I don’t have to get back on track after vacation. I love to train so for me going on vacation is an opportunity to advance fitness. I don’t enjoy eating junk either so eating healthy on vacation is a no brainer too.As far as reaching goals, I find it is important to be realistic. For example; right now my schedule is crazy. My kids are in school along with about six separate extra-curricular activities. I work a 40-hour job in addition to running Spinning® trainings on weekends. I am also working on becoming Wellcoaches®-certified and I just agreed to this writing project (which probably certifies me as crazy).So right now, my goal is to keep a moderate level of fitness and to use workouts as an opportunity to do something for myself. I have also had to get really creative with how to fit it in. I try to power walk 2 miles every day at lunch. I never considered walking a workout for me, but it helps to break up the day and during the week this gives me an extra 10 miles of training. My kids spend a total of 2½ hours practicing for swim team for 3 days a week, so I water jog for an hour during that practice. Completing Spinning® classes during training is a given. I have one day off from work each week so I make sure to fit in a long run (more than 10 miles).

How do you motivate yourself when you are having a difficult day, or don’t feel like getting in the saddle?

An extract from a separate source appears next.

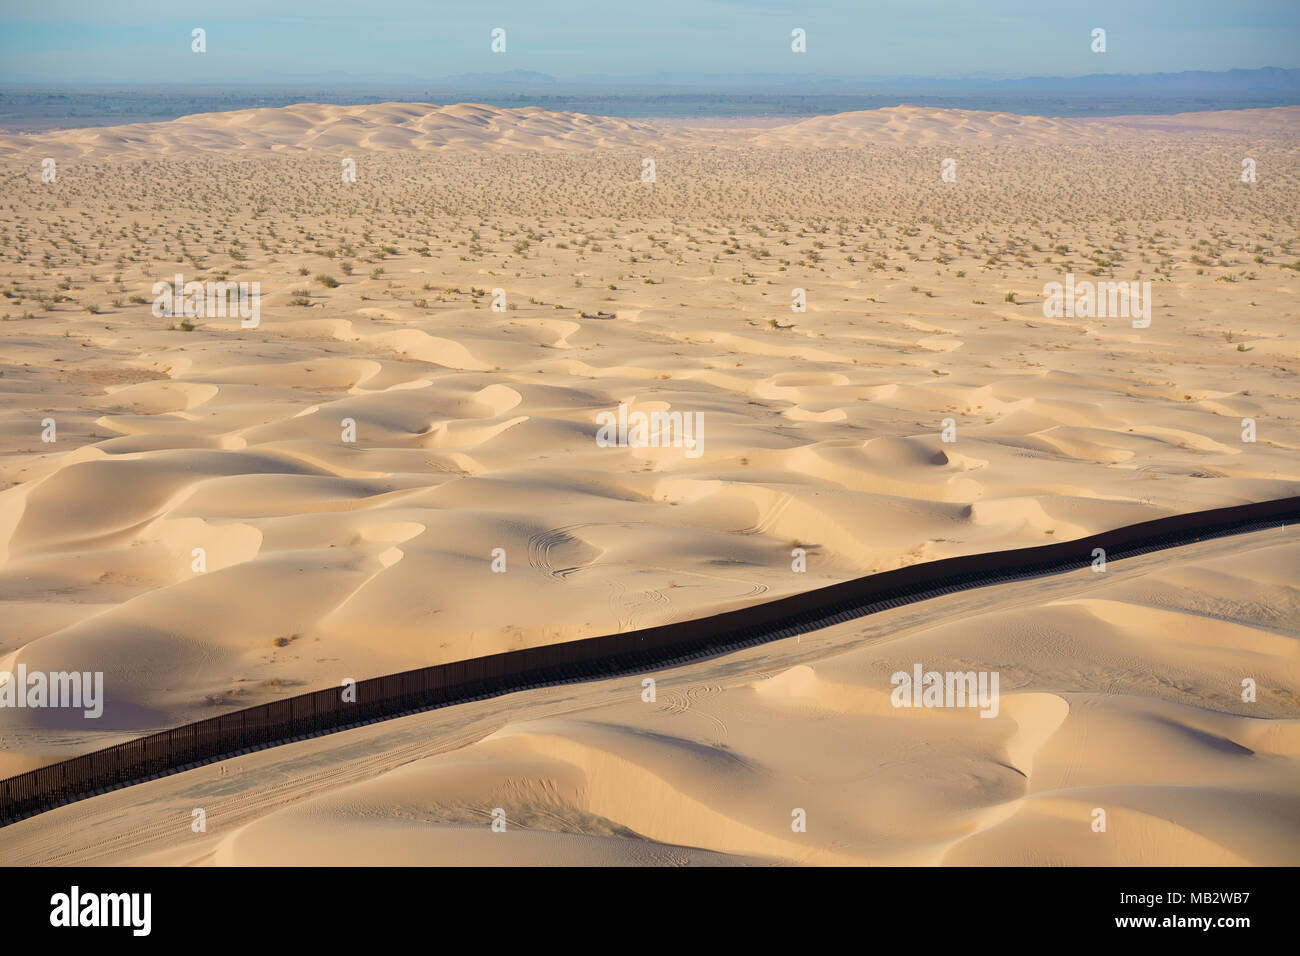 VISTA AEREA. Confine internazionale tra il Messico (dietro il muro) e gli Stati Uniti. Dune di Algodones, deserto di sonora, Baja California, Messico. Foto Stock

I never “don’t feel” like working out. I take 1–2 days off or recovery days/week. If I have more energy, I’ll choose a higher intensity ride or something that includes higher impact like running or plyometrics. If my energy is lower or I feel tired, I’ll choose to water jog, bike or stair climb at an easy pace.  If I’m really short on time, I choose lifting because it I have only 15–30 minutes, I feel I can get more out of lifting in that time.My favorite time to teach a Spinning class is at 5:30 PM. Most of the students were not in a rush so I could add a half hour to the ride or give them an ab workout after we got off the bike.My favorite thing about my job as a Spinning® instructor is sharing the sport of cycling and giving everyone I train, the tools necessary to become amazing and effective instructors.A perfect day for me is a day that includes three of my favorites: an epic workout with my husband, kids or friends, a nap, and going out to a dance party (preferably with lots of 70s and 80s music).In my gym bag you’ll find three different pairs of sneakers and outfits so that I am equipped for whatever I am in the mood for that day.The number one thing on my bucket list is to meet John Travolta and see Madonna in concert (more on the retro theme).When I’m not teaching, you can find me probably somewhere in Berkshire County either “sharing the joy of wellness” or at one of my kids’ multiple extracurricular activities.